The whole listing should be retyped word for word, apart from the pictures it holds.

— INFORMATION SUPPLIED —
###
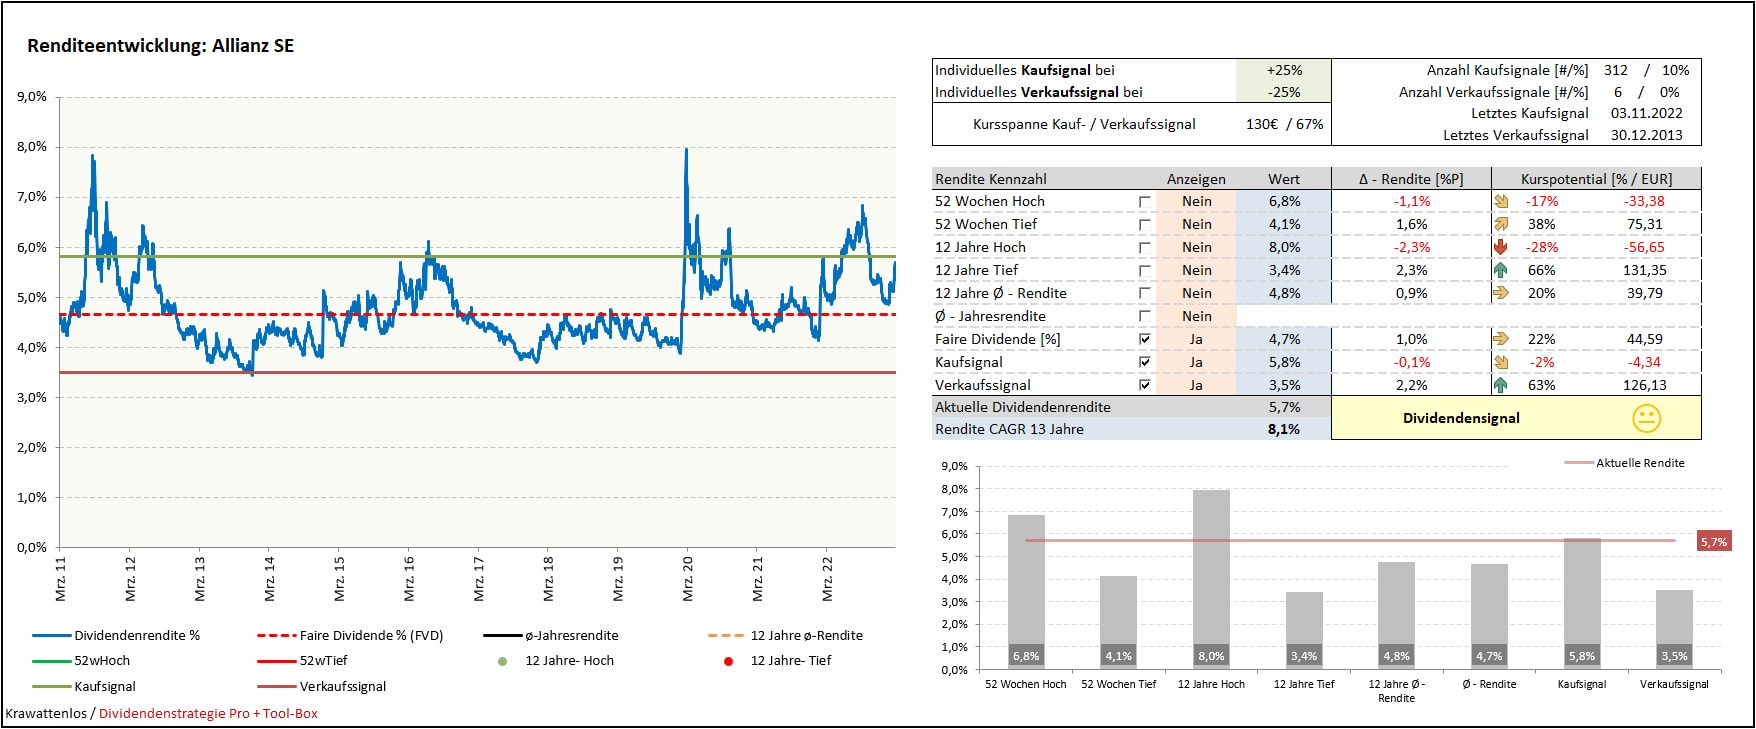 Screenshot Renditeentwicklung Allianz SE aus Dividendenstrategie Pro + Tool-Box
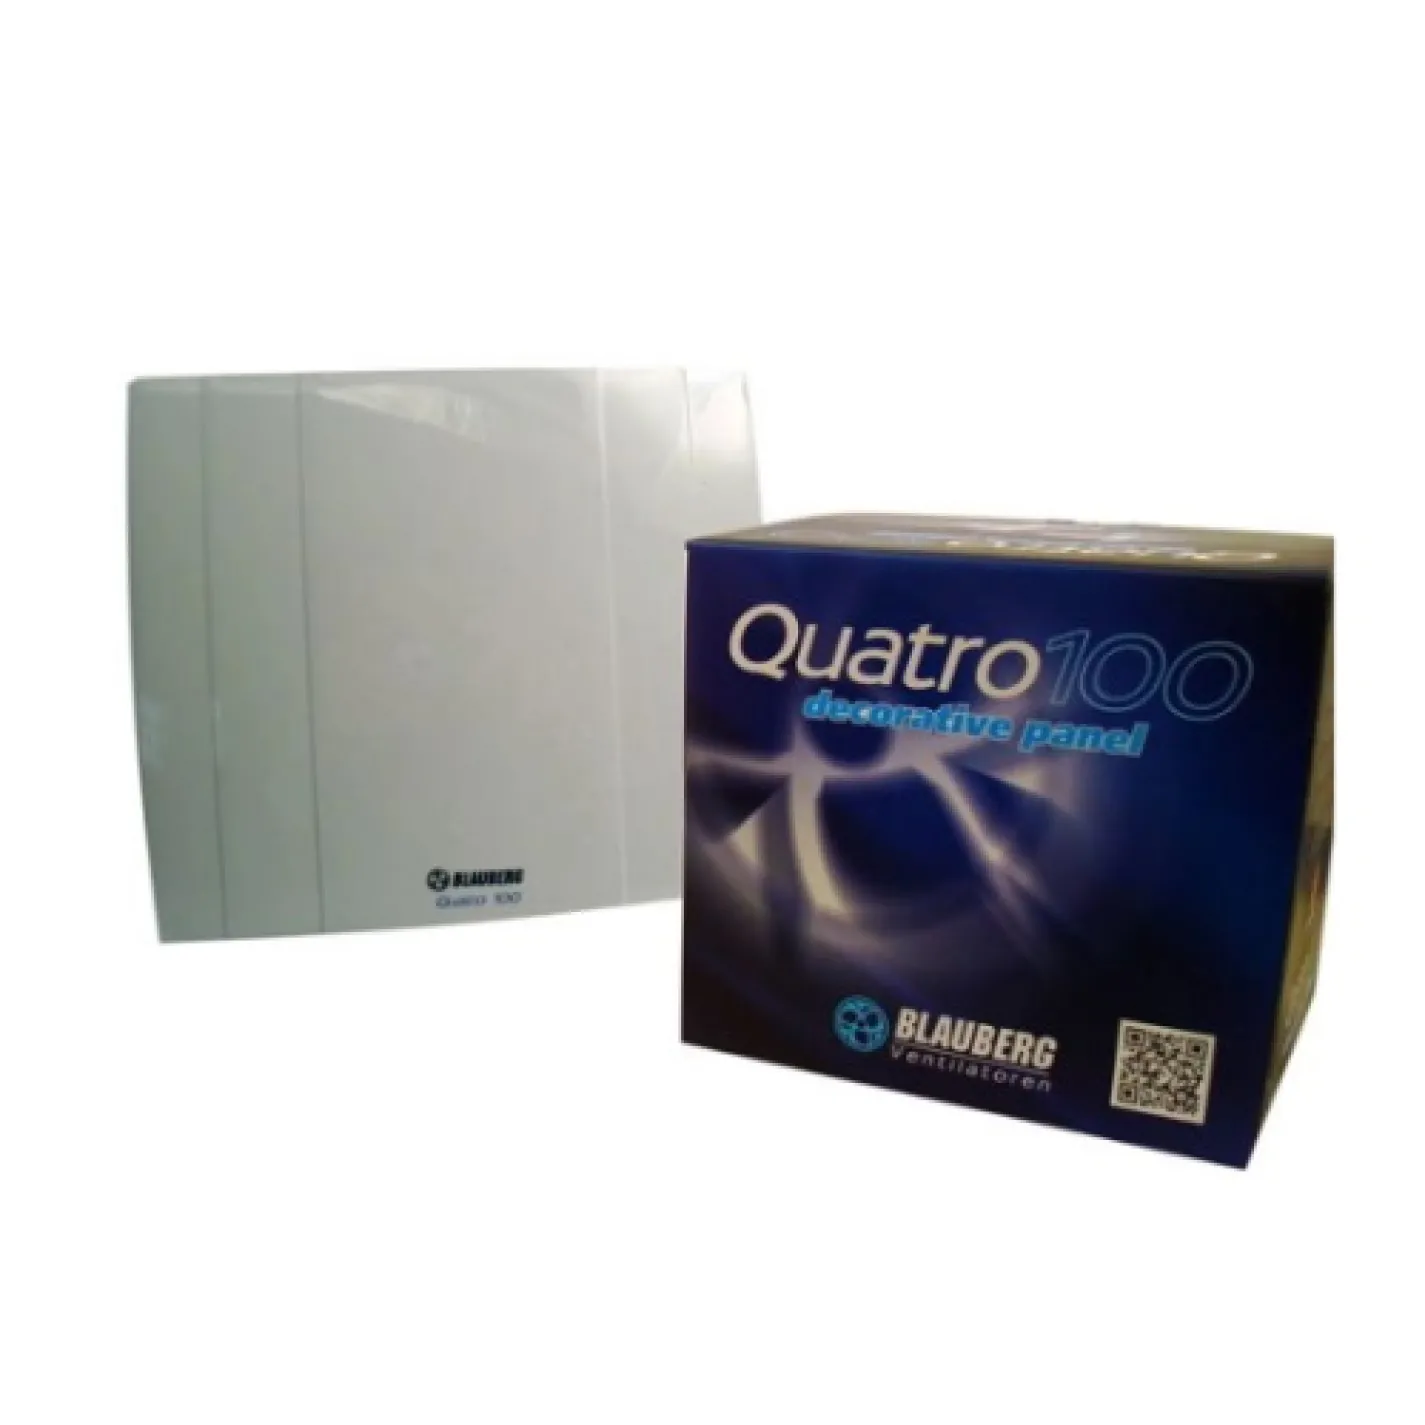 Вытяжной вентилятор Blauberg Quatro 150 - Фото 2
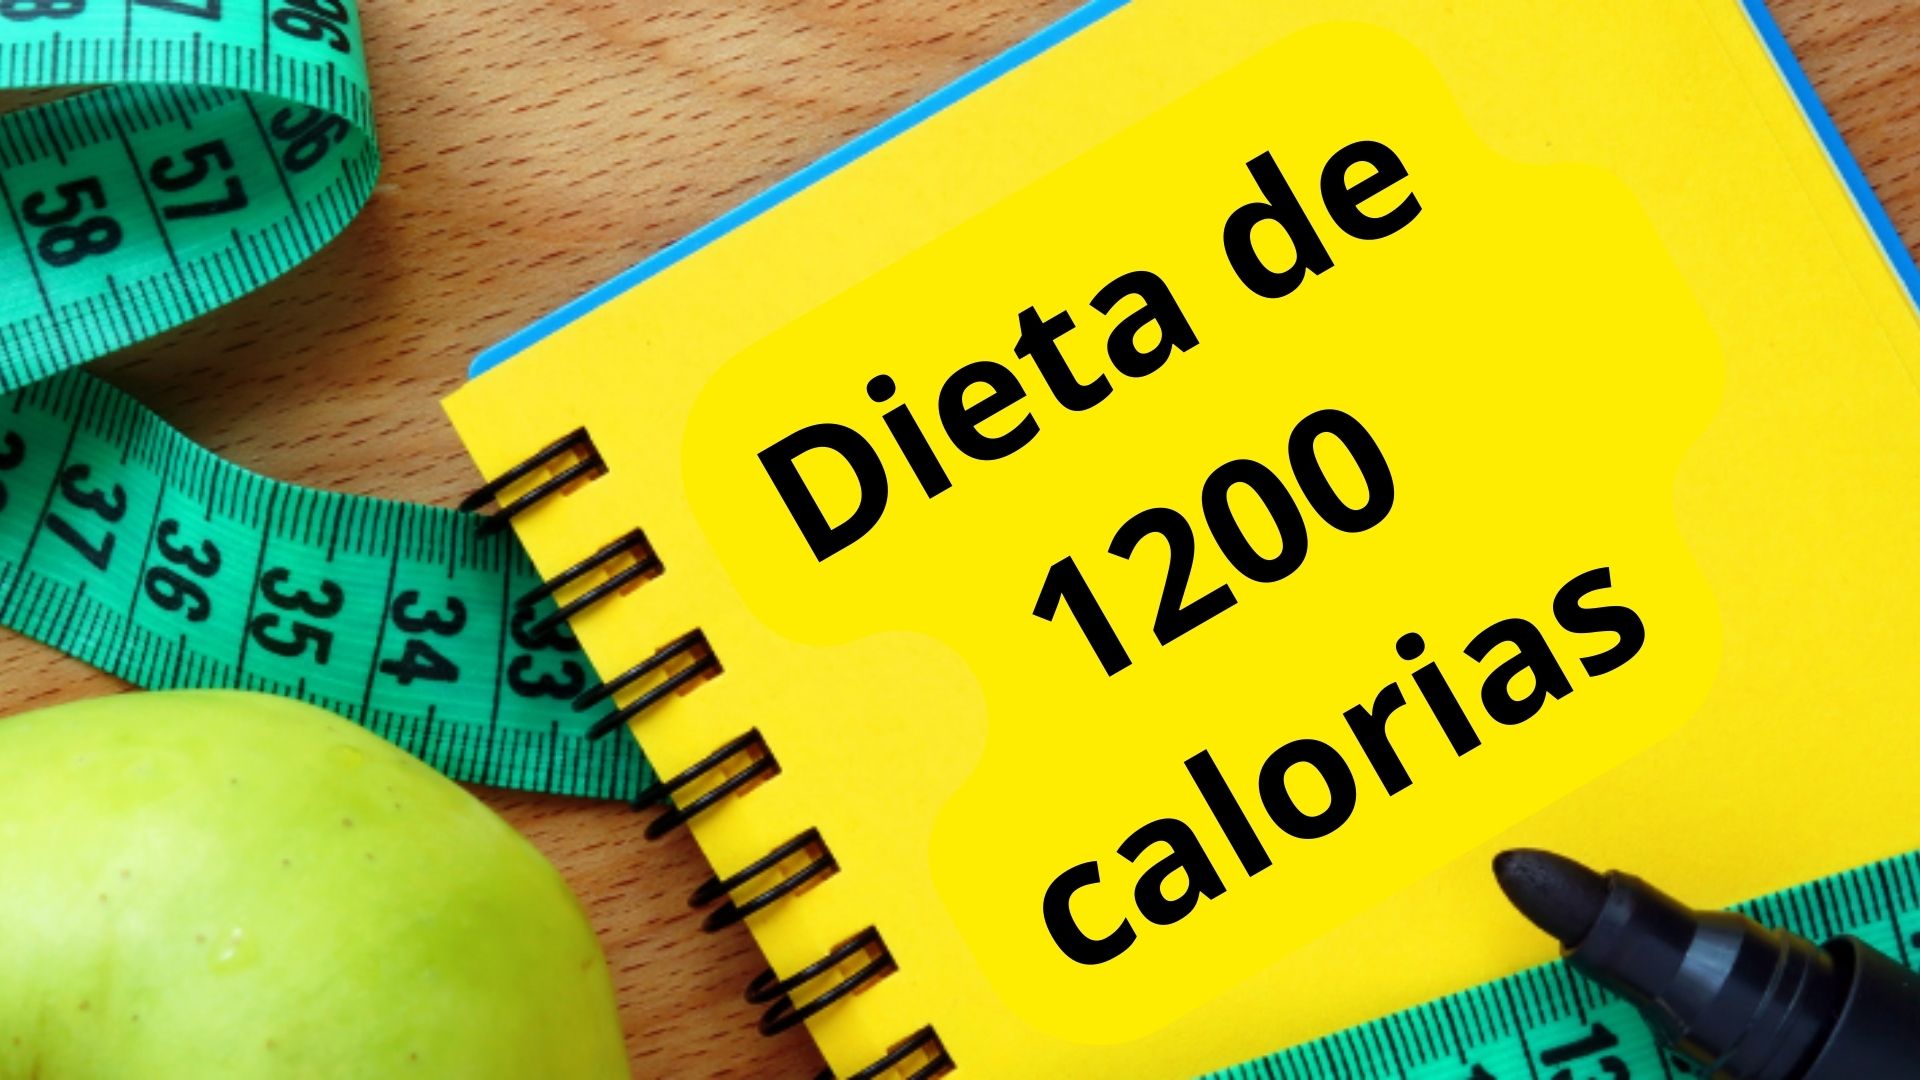 Dieta de 1200 calorias
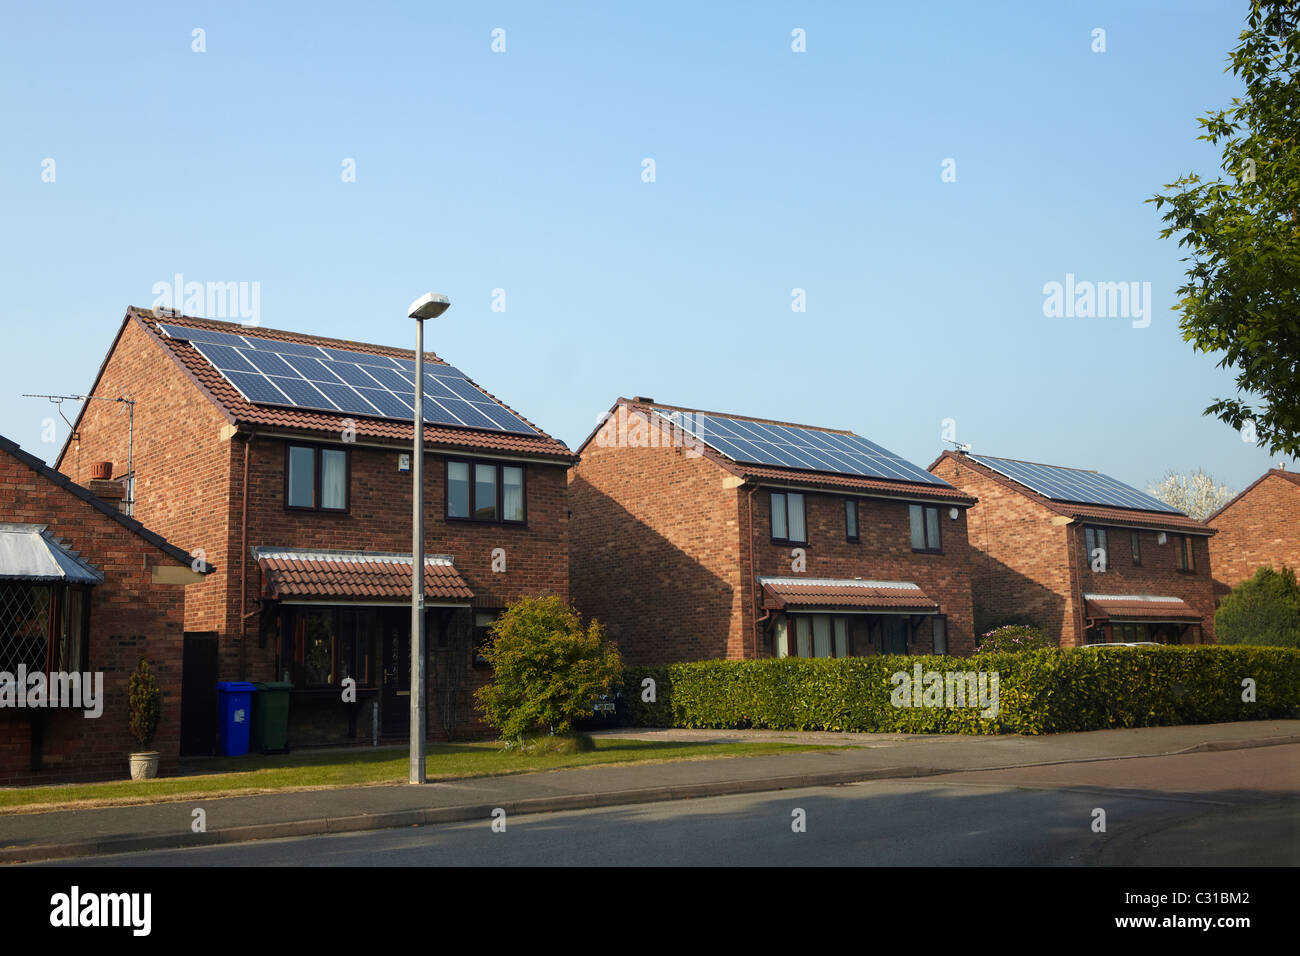 Pannelli solari fotovoltaico PV sulle case in una strada Foto Stock
###
— TASK RESULT —
 Screenshot Renditeentwicklung Allianz SE aus Dividendenstrategie Pro + Tool-Box
 Вытяжной вентилятор Blauberg Quatro 150 - Фото 2
 Dieta de 1200 calorias
 Pannelli solari fotovoltaico PV sulle case in una strada Foto Stock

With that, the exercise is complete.